Vollkommen berechtigte Kritik – etwa vom Bundesverband Digitalpublisher und Zeitungsverleger (BDZV) – erfährt die Tatsache, dass Onlineplattformen nicht nur zur Sperrung von rechtswidrigen Medieninhalten verpflichtet sind, sondern sie auch sachlich richtige Veröffentlichungen ausschließen können – und dies beispielsweise via AGB. Auch das Verschweigen korrekter Inhalte ist Desinformation in Reinkultur und darf keine Legitimation auf vertraglicher Ebene erreichen. Mit dem Digital Markets Act (DMA) besinnt sich die Europäische Union auf Basiselemente der freien Marktwirtschaft.
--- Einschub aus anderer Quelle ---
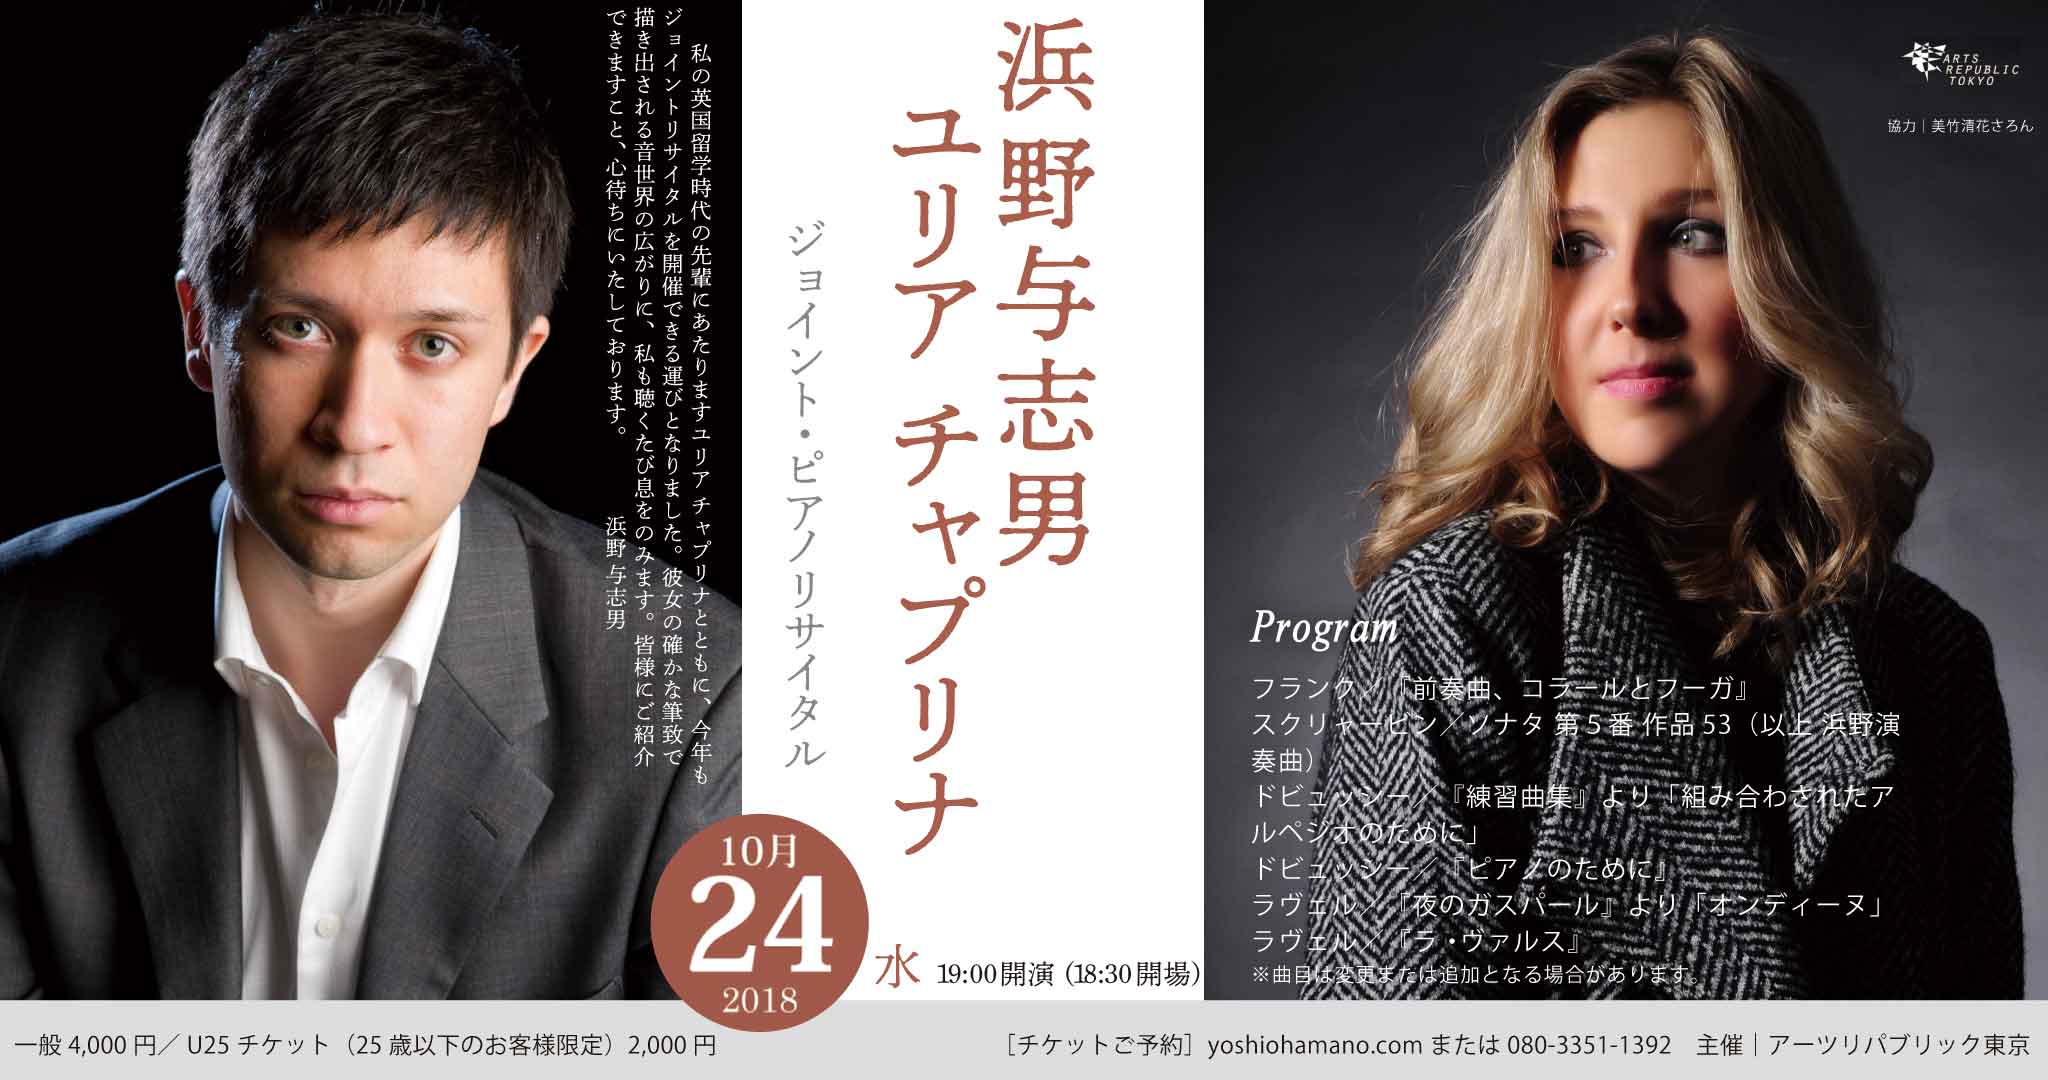 10 月24日 19:00~ 浜野与志男&ユリアチャプリナ ジョイントピアノコンサート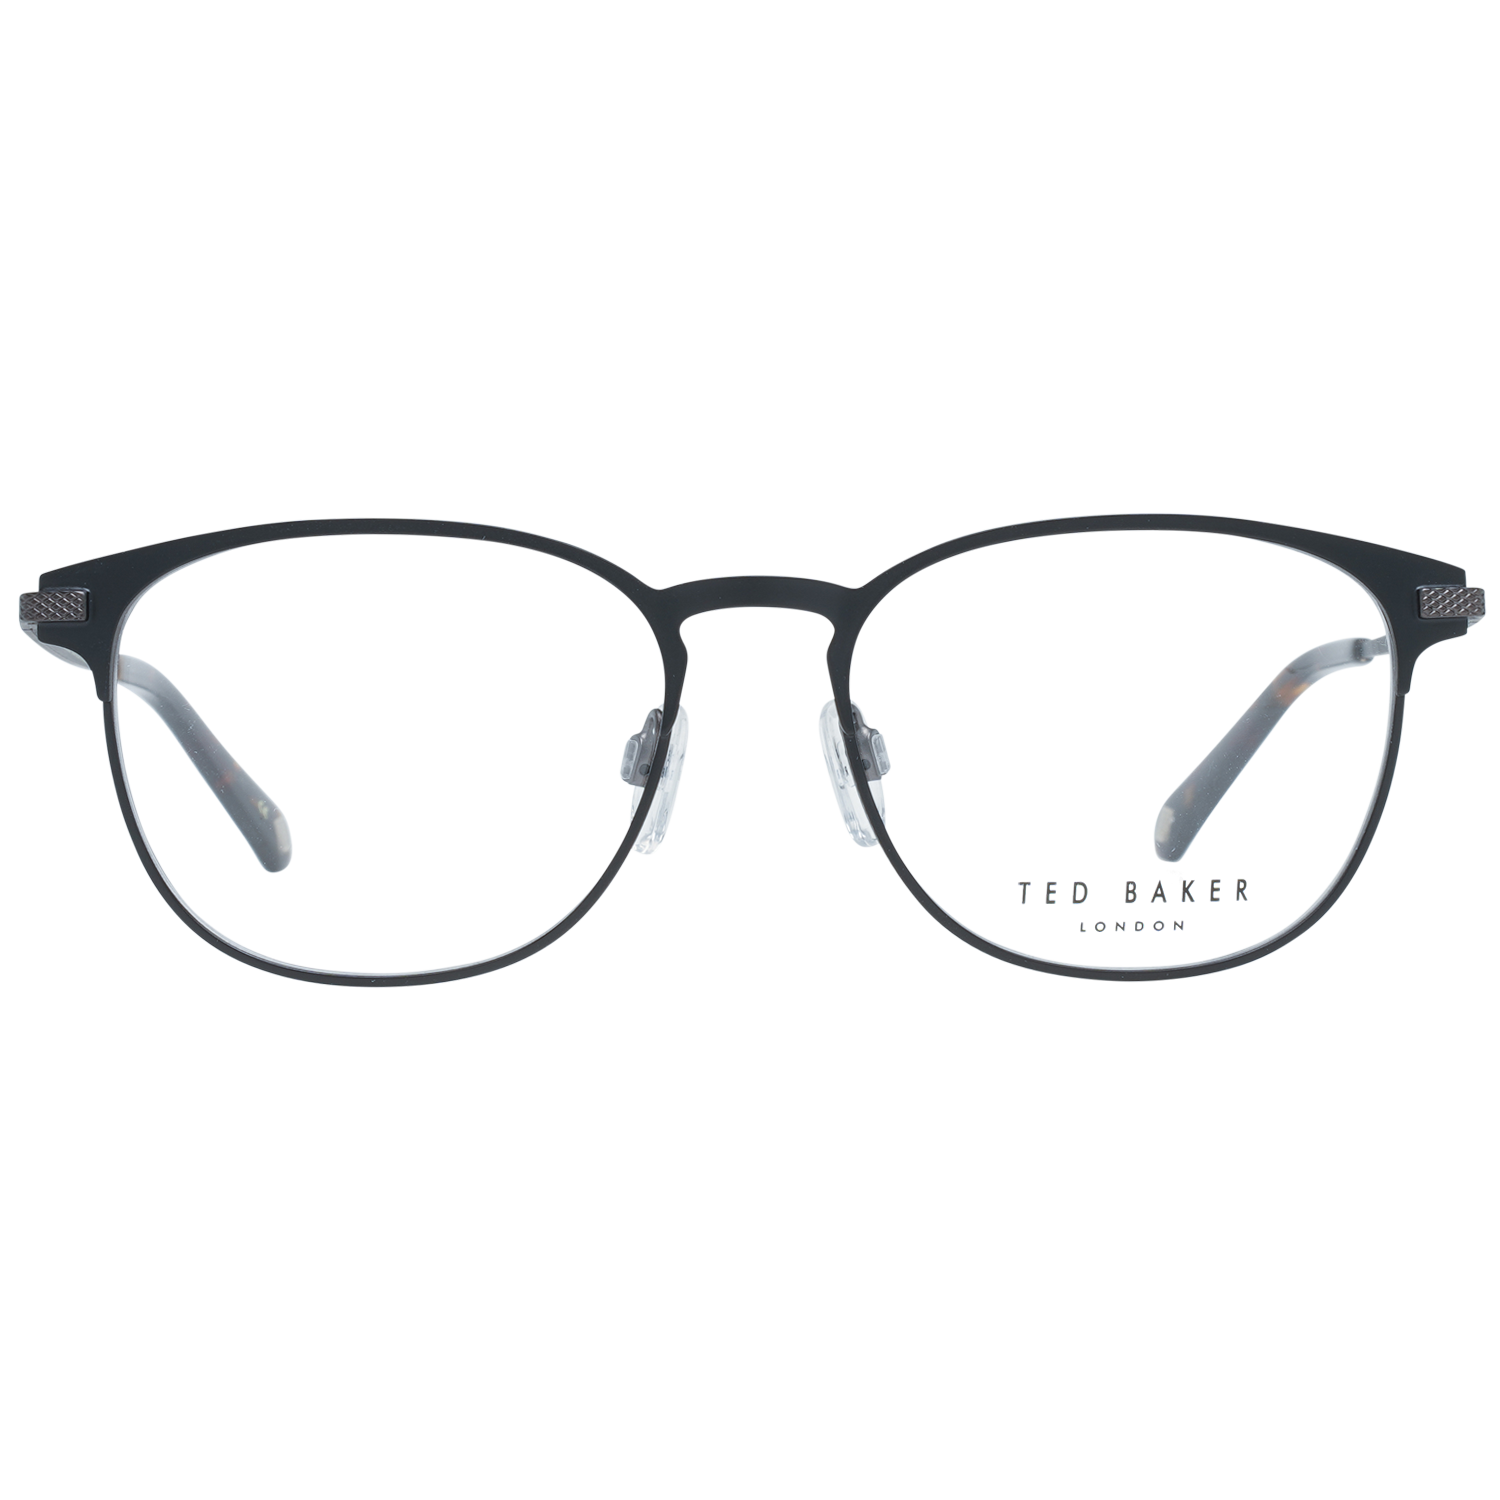 Ted Baker Frames Ted Baker Optical Frame Prescription Glasses TB4261 001 52 Kendrick Eyeglasses Eyewear UK USA Australia

Auch in dieser Hinsicht hat das Agieren im digitalen Umfeld Geschäftspraktiken gefördert, die eines Korrektivs bedürfen. Die Beherrschung des Marktes durch Oligopole und Monopole einfach zuzulassen und hinzunehmen, hätte zerstörende Wirkung entfaltet. Konsumenten in der EU leben und lieben die Vielfalt des Angebotes und die Möglichkeit, zwischen verschiedenen auswählen zu können oder zu kombinieren. Insofern ist es folgerichtig, wenn kleinere Plattformen von den Großen der Branche verlangen können, dass sie Nutzern den Austausch von Nachrichten, Sprachnachrichten oder Dateien über Messaging- Applikationen ermöglichen. Konsequent ist, dass Dienstleister nicht mehr eigene Dienste oder Produkte in bevorzugter Form bewerben und Nutzer vorinstallierte Apps und Software problemlos deinstallieren können. Von entscheidender Bedeutung ist jetzt, dass die einzelnen Mitgliedstaaten zügig DSA und DMA umsetzen und dass diese Umsetzung einheitlich erfolgt. Ansonsten führt der eingeschlagene Weg ins Leere. Und jedes Land muss sich um den Aufbau behördlicher Strukturen kümmern. Nicht, dass es am Ende sinnvolle Gesetze gibt, die aber in der Praxis gar nicht umgesetzt werden können.

Ihr Alexander Pradka
Leitender Redakteur
alexander.pradka@diruj.de

Beitrag von Alexander Pradka

Dies könnte Sie auch interessieren

uva
Schiedsgerichtsbarkeit stärken
Bundesregierung und Gesetzgeber haben es nicht leicht und werden für ihre Vorhaben und Gesetze oft kritisiert. Häufig auch zurecht, Regelungen sind oft...
Es wird Zeit für das neue Arbeitszeitgesetz
Seit Mitte April des vergangenen Jahres liegt der Referentenentwurf des Bundesministeriums für Arbeit und Soziales (BAMS) zur Änderung des Arbeitszeitgesetzes...
Hehre Ziele und handfeste monetäre Vorteile
Ohne Gesetz geht es nicht. Klima- und Umweltschutz lassen sich mit Freiwilligkeit und Lippenbekenntnissen nicht realisieren. Deshalb ist das von der EU...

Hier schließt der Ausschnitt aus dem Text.